Noninferiority and Safety of Nadolol vs Propranolol in Infants With Infantile Hemangioma: A Randomized Clinical Trial

Elena Pope  1 Irene Lara-Corrales  1 Cathryn Sibbald  1 Carmen Liy-Wong  2 Nordau Kanigsberg  2 Beth Drolet  3 Jin Ma  4
Affiliations
Randomized Controlled Trial

Noninferiority and Safety of Nadolol vs Propranolol in Infants With Infantile Hemangioma: A Randomized Clinical Trial

Elena Pope et al. JAMA Pediatr. .

Abstract

Importance: Propranolol for infantile hemangiomas (IH) has been shown to be effective and relatively safe. However, other less lipophilic β-blockers, such as nadolol, may be preferable in individuals who experience propranolol unresponsiveness or adverse events.

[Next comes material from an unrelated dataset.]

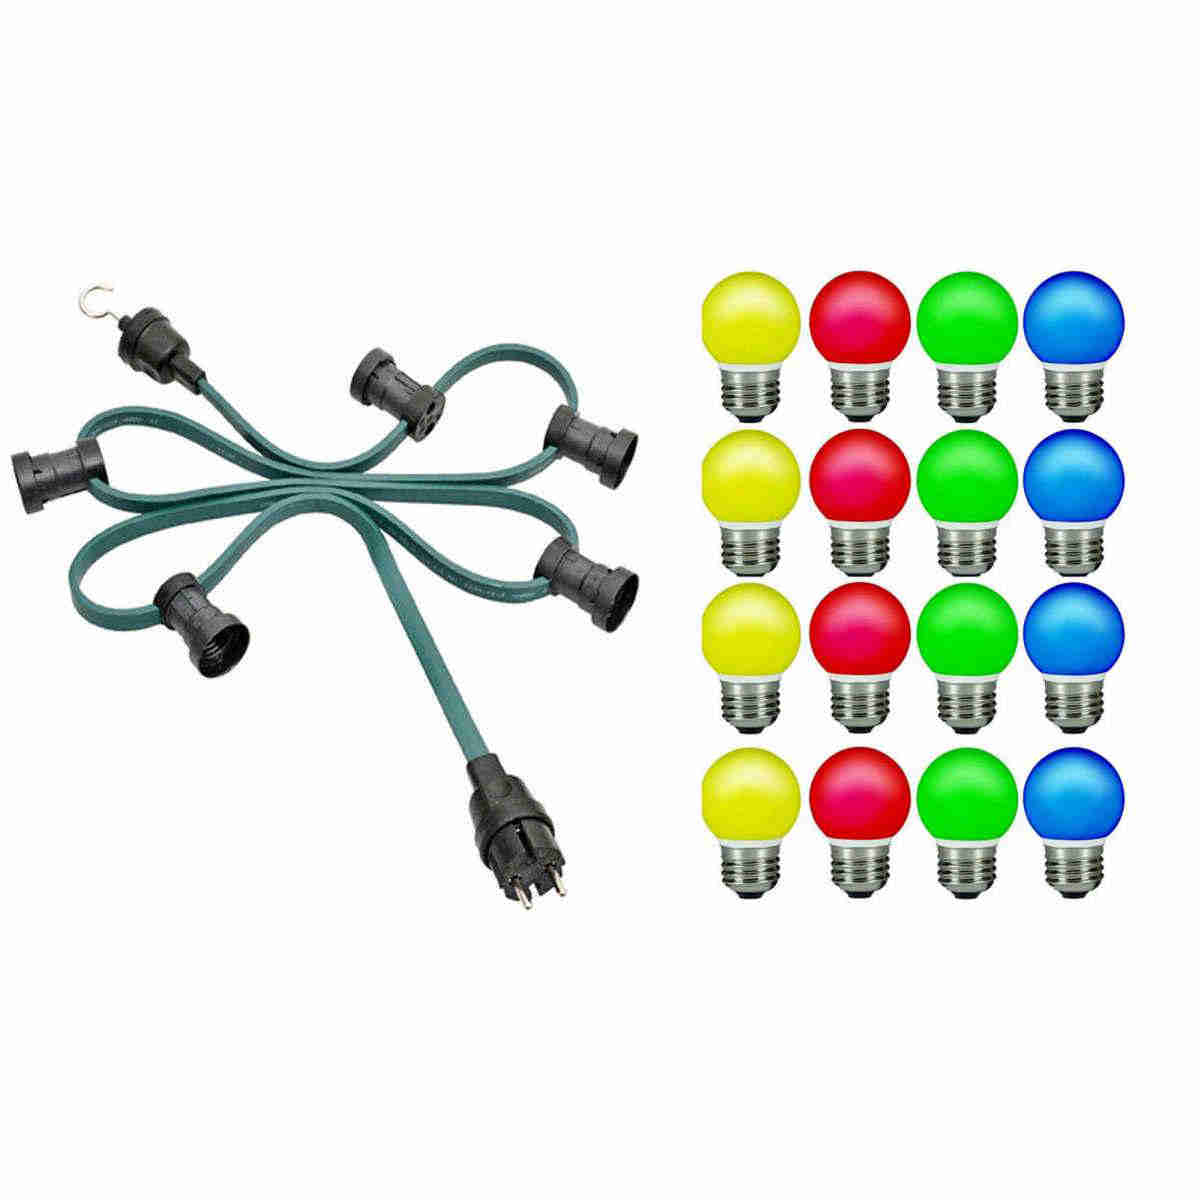 H05RNH2-F2x1,5 Illu-Lichterkette grün 20m IP44 inkl. 20x E27 Fassungen, 20x Dichtringe inkl. LED Tropfenlampen E27 rot, grün, gelb, rot, blau für innen und aussen (Kalt)

Objective: To document the noninferiority and safety of oral nadolol compared with oral propranolol in infants with IH.

Design, setting, and participants: This double-blind noninferiority prospective study with a noninferiority margin of 10% compared propranolol with nadolol in infants aged 1 to 6 months with problematic IH. The study was conducted in 2 academic pediatric dermatology centers in Canada between 2016 and 2020. Infants aged 1 to 6 months with a hemangioma greater than 1.5 cm on the face or 3 cm or greater on another body part causing or with potential to cause functional impairment or cosmetic disfigurement.

Interventions: Oral propranolol and nadolol in escalating doses up to 2 mg/kg/d.

Main outcomes and measure: Between-group differences comparing changes in the bulk (size and extent) and color of the IH at week 24 with baseline using a 100-mm visual analog scale.

Results: The study included 71 patients. Of these, 36 were treated with propranolol. The mean (SD) age in this group was 3.1 (1.4) months, and 31 individuals (86%) were female. Thirty-five infants were treated with nadolol. The mean (SD) age in this group was 3.2 (1.6) months, and 26 individuals (74%) were female. The difference in IH between groups by t test was 8.8 (95% CI, 2.7-14.9) for size and 17.1 (95% CI, 7.2-30.0) for color in favor of the nadolol group, demonstrating that nadolol was noninferior to propranolol. Similar differences were noted at 52 weeks: 6.0 (95% CI, 1.9-10.1) and 10.1 (95% CI, 2.9-17.4) for size and color improvement, respectively. For each doubling of time unit (week), the coefficient of involution was 2.4 (95% CI, 0.5-4.4) higher with nadolol compared with propranolol. Safety data were similar between the 2 interventions.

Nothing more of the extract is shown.